La route des clameurs devrait être à la littérature ce que Timbuktu est au cinéma. Dans ce qui constitue son troisième roman, Ousmane Diarra raconte, comme Abderrahmane Sissako, l’irruption de djihadistes (les "Almorbidonnes djihadistes") dans un village africain, en l’occurrence malien.

"Le Calife Mabu Maba dit Fieffé Ranson Kattar Ibn Ahmad Almorbidonne" "avait réussi à prendre le pouvoir pour terroriser la population avec des fables tirées du VIIe siècle d’outre-désert !". Seul, un artiste, peintre et sculpteur de renommée internationale, refuse de se soumettre.
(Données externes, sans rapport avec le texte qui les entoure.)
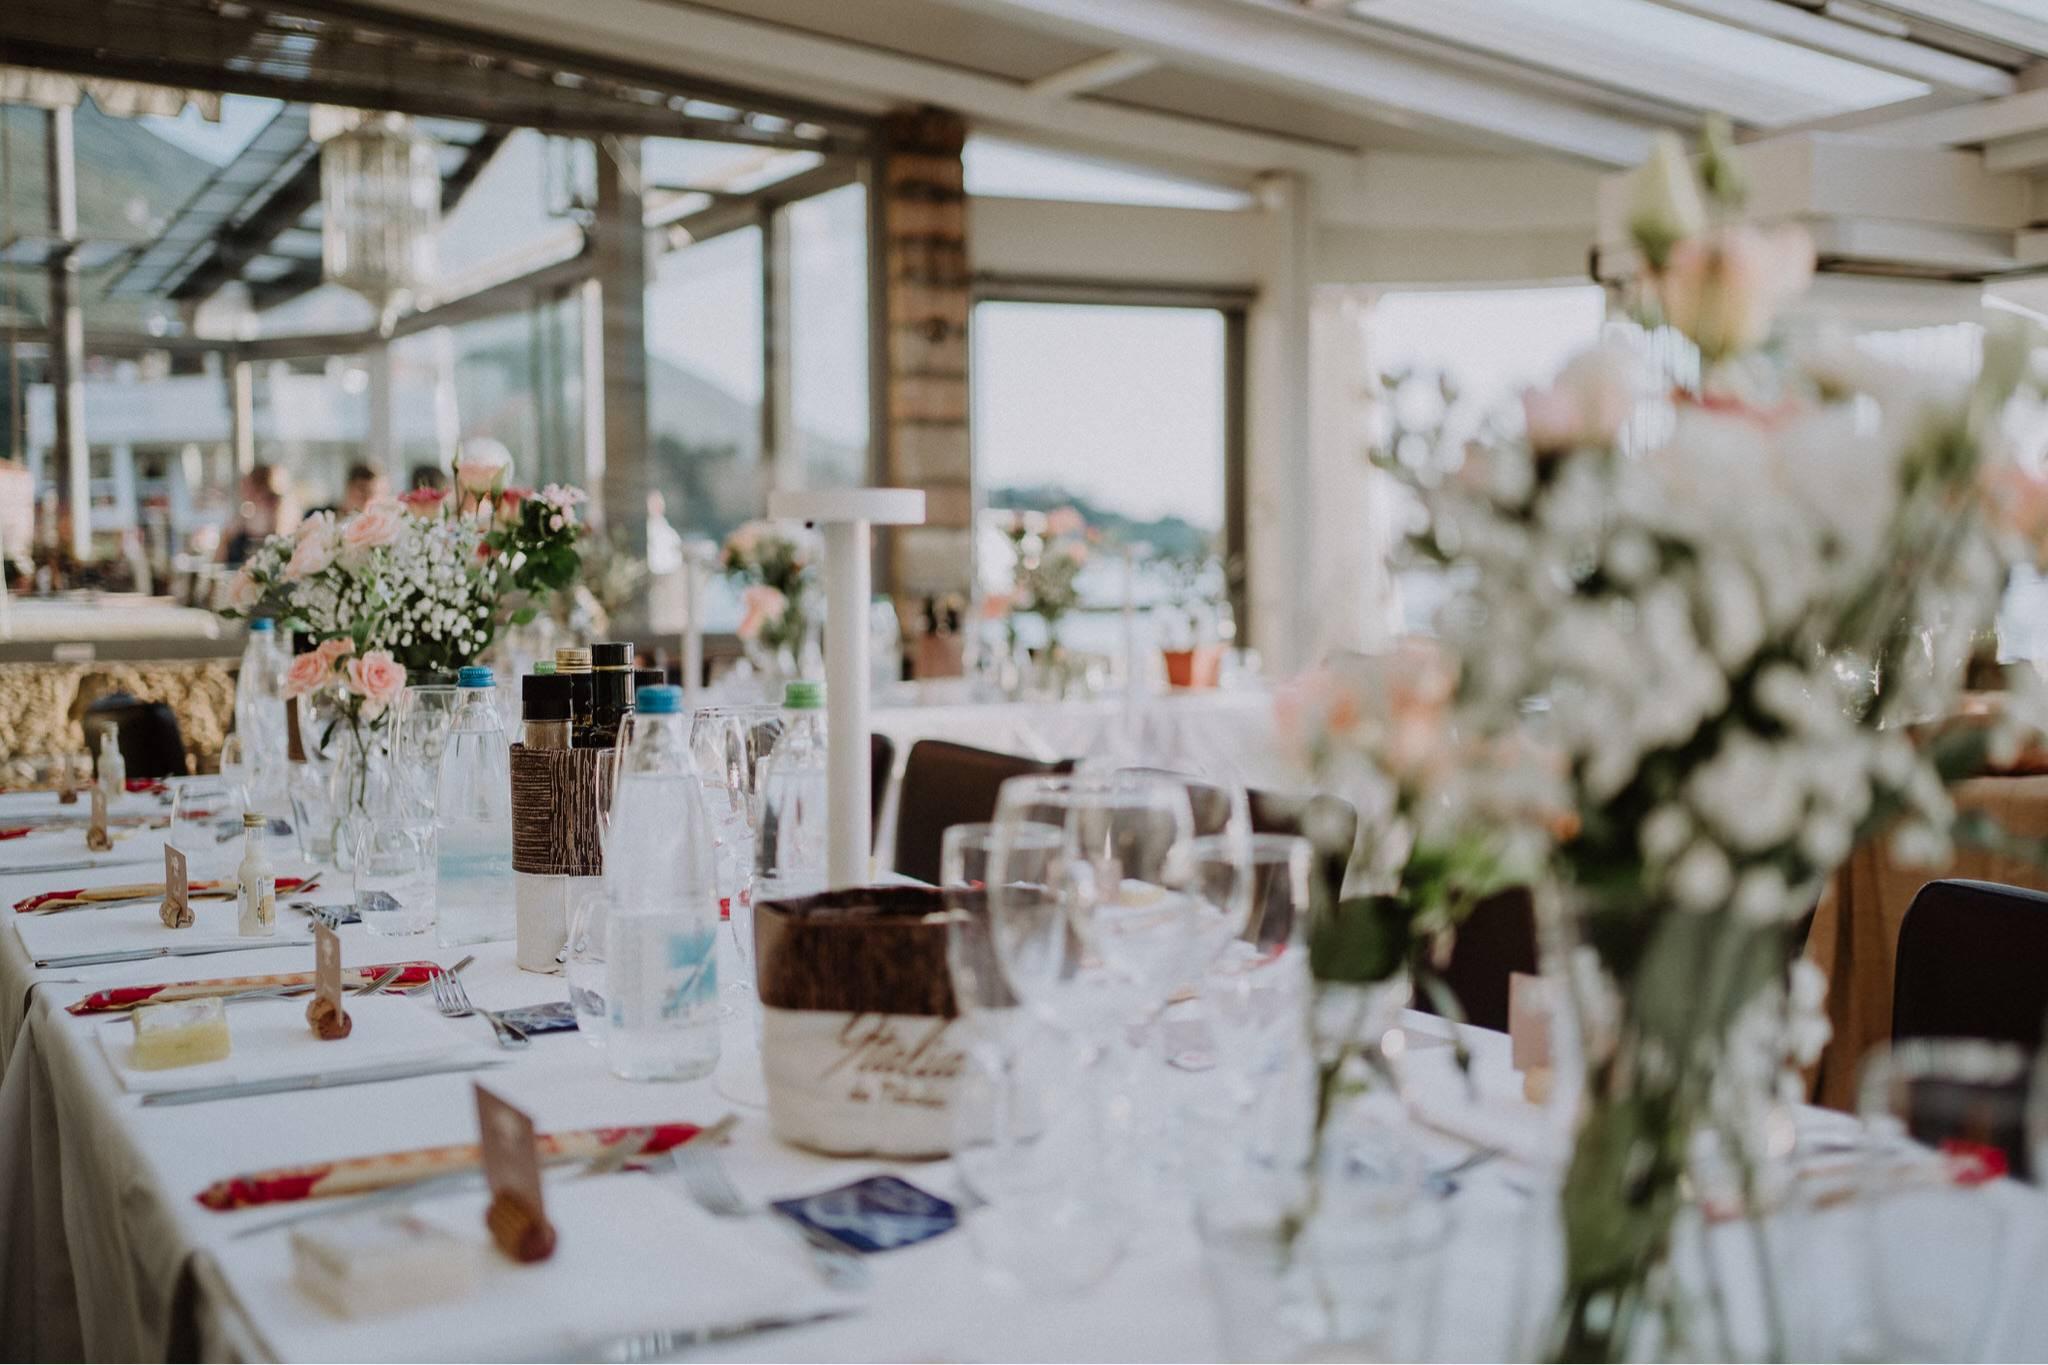 59 la 04 abend 1009 weddinphotographer Hochzeitsfotograf newzealand hamilton Weddingphotography Stuttgart

Il a deux fils. L’aîné très tôt rejoint les rangs des djihadistes. "Quant à moi, je suis resté du côté de mon papa" dit le cadet (et narrateur) resté fidèle à son père, jusqu’à se soumettre aux desiderata les plus incongrus du tyran.

Pour embarquer son lecteur sur cette Route des clameurs – celle "des supplices éternels" - Ousmane Diarra a choisi une langue dynamique et foisonnante, tout en distance et raillerie ; un ton vif, enchanteur, piquant, pour décrire la "mère des calamités", "le jaadi", somme toute l’horreur revenue sur terre : "Depuis l’arrivée des Morbidonnes au Mali, tous les levers du jour étaient compliqués. Des fois, le jour ne se levait même pas. Le soleil restait caché derrière des montagnes de brouillards denses, compacts. Comme s’il avait peur, lui aussi, des Morbidonnes djihadistes". Quant à ces derniers, "ils parlaient toujours de la mort et de l’après-mort, jamais de la vie, ni de la beauté des fleurs, ni du coucher de soleil sur le Niger, ni de la beauté de nos filles et de nos montagnes, de la douceur et de la candeur de nos mangues sucrées".
L’esthétique est mise au service - à moins que ce ne soit l’inverse - d’une forte dénonciation des ressorts et des méthodes du djihad. Tout y est, à commencer par les premiers agissements, la patiente et progressive prise de contrôle des "jeunes imams barbus (…) débarqués frais émoulus des pays du Golfe, pourris d’argent et de savoirs coraniques nouveaux et authentiques". Ils "tenaient à avoir un œil sur tout ce que nous faisions. C’est pourquoi ils regardaient jusque dans nos chiottes pour savoir ce que nous y rejetions".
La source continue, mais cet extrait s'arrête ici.